James Greer is an American novelist, screenwriter, musician, and critic. As a screenwriter, he is known for writing the children's comedies Max Keeble's Big Move, Just My Luck and The Spy Next Door, as well as the 2018 thriller Unsane. He lives in Los Angeles.

Career

Musician/critic 
Greer was senior editor and senior writer at Spin magazine in New York City in the early 1990s.

He wrote and played on the song "Trendspotter Acrobat" on the album Sunfish Holy Breakfast by Guided By Voices. He was the bassist in the band from 1995 to 1996.

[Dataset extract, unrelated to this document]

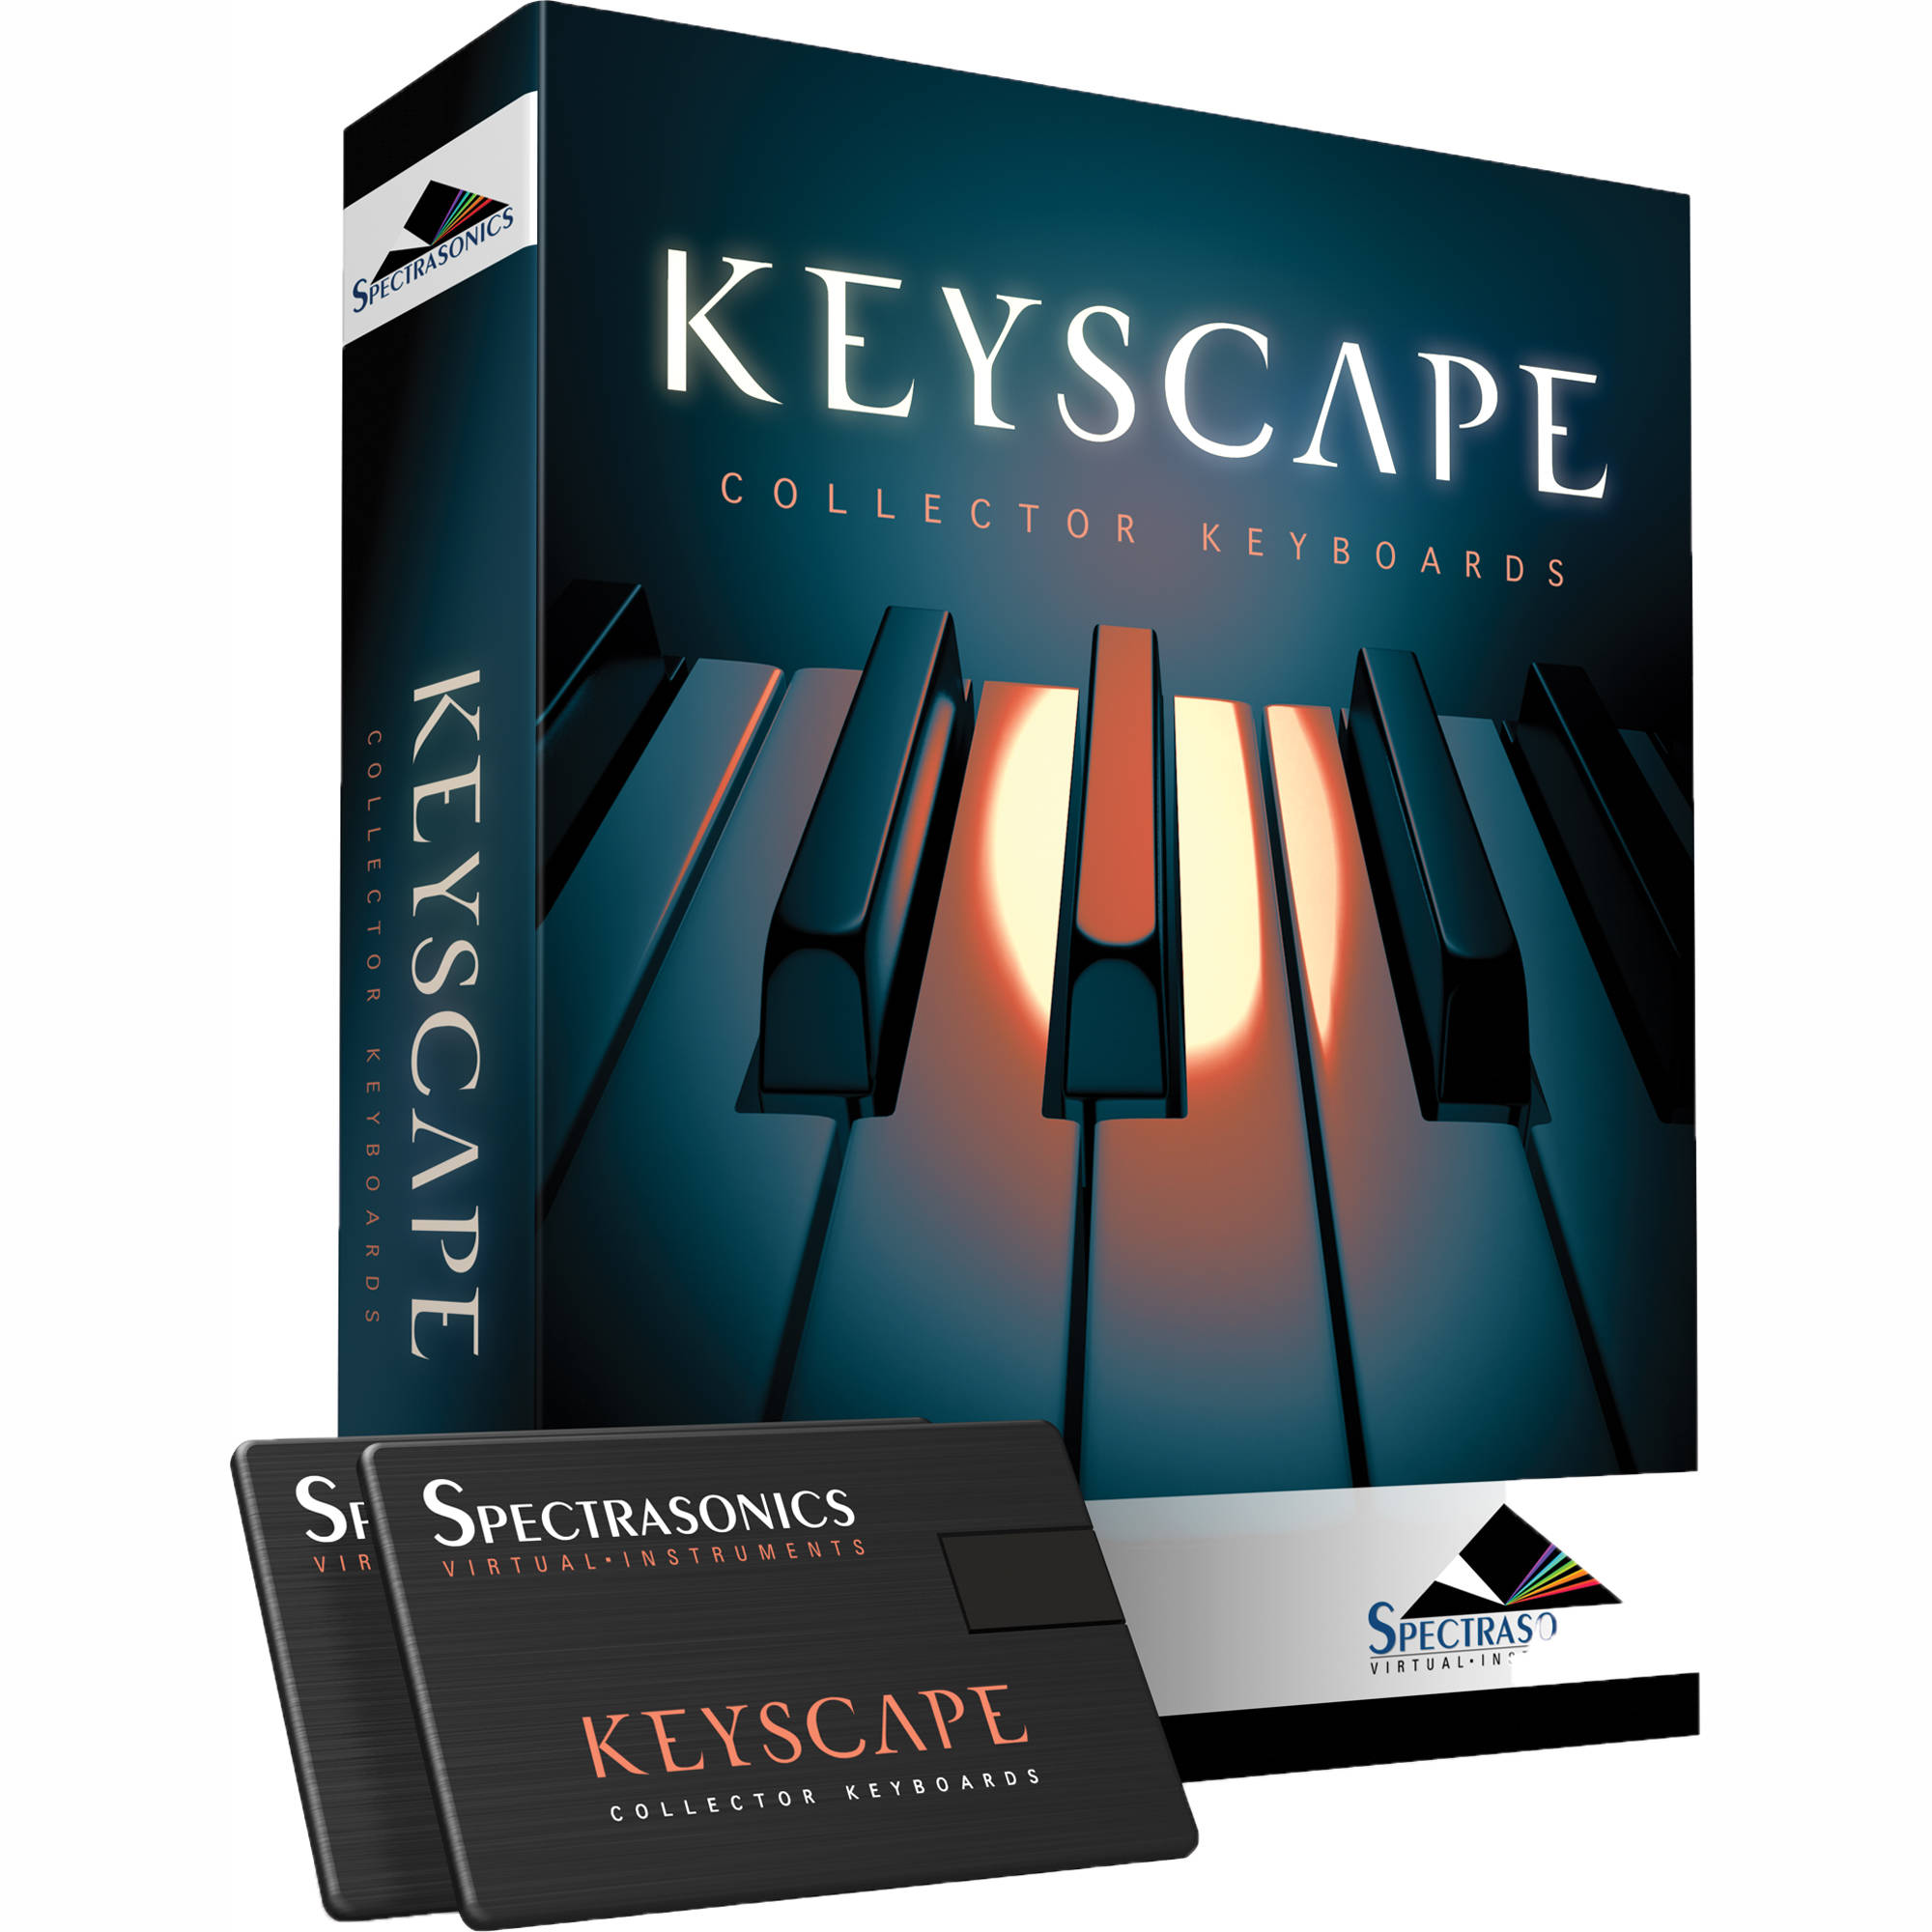 Spectrasonics Keyscape 1.1.3c Cracked With Serial Key Free Download [2021]

Greer started a band in 2012 with French musician Lola G. called DTCV. Pronounced "detective", it was an indie rock duo from Joshua Tree, California.  After meeting Lola G. at a party in Hollywood, Greer began publishing songs with him, taking influence from stoner rock, garage, post-punk, and classic indie, and finally releasing their debut LP in 2012. In 2013, they released a double album called Hilarious Heaven, followed by a compilation of their early singles and EPs, The Early Year. The duo then went on tour and soon released their third studio album, Uptime!, in 2015. In 2016, Confusion Moderne was released which featured lyrics entirely en français and production from psych wizard Joel Jerome. In April 2016 the band released its fourth studio album, entitled Confusion Moderne, on Xemu Records.

Novelist/author 
Greer has published two novels, Artificial Light (Little House on the Bowery/Akashic, 2006) and The Failure (Akashic, 2010). Artificial Light won a California Book Award Silver Medal for First Fiction.

In 2013 Greer released his first book of short fiction, titled Everything Flows, via Curbside Splendor. Publishers Weekly said of the book "Halfway between the mind of God and a vivid dream, Everything Flows is proof that there remain new places to go, both on paper and in the known universe."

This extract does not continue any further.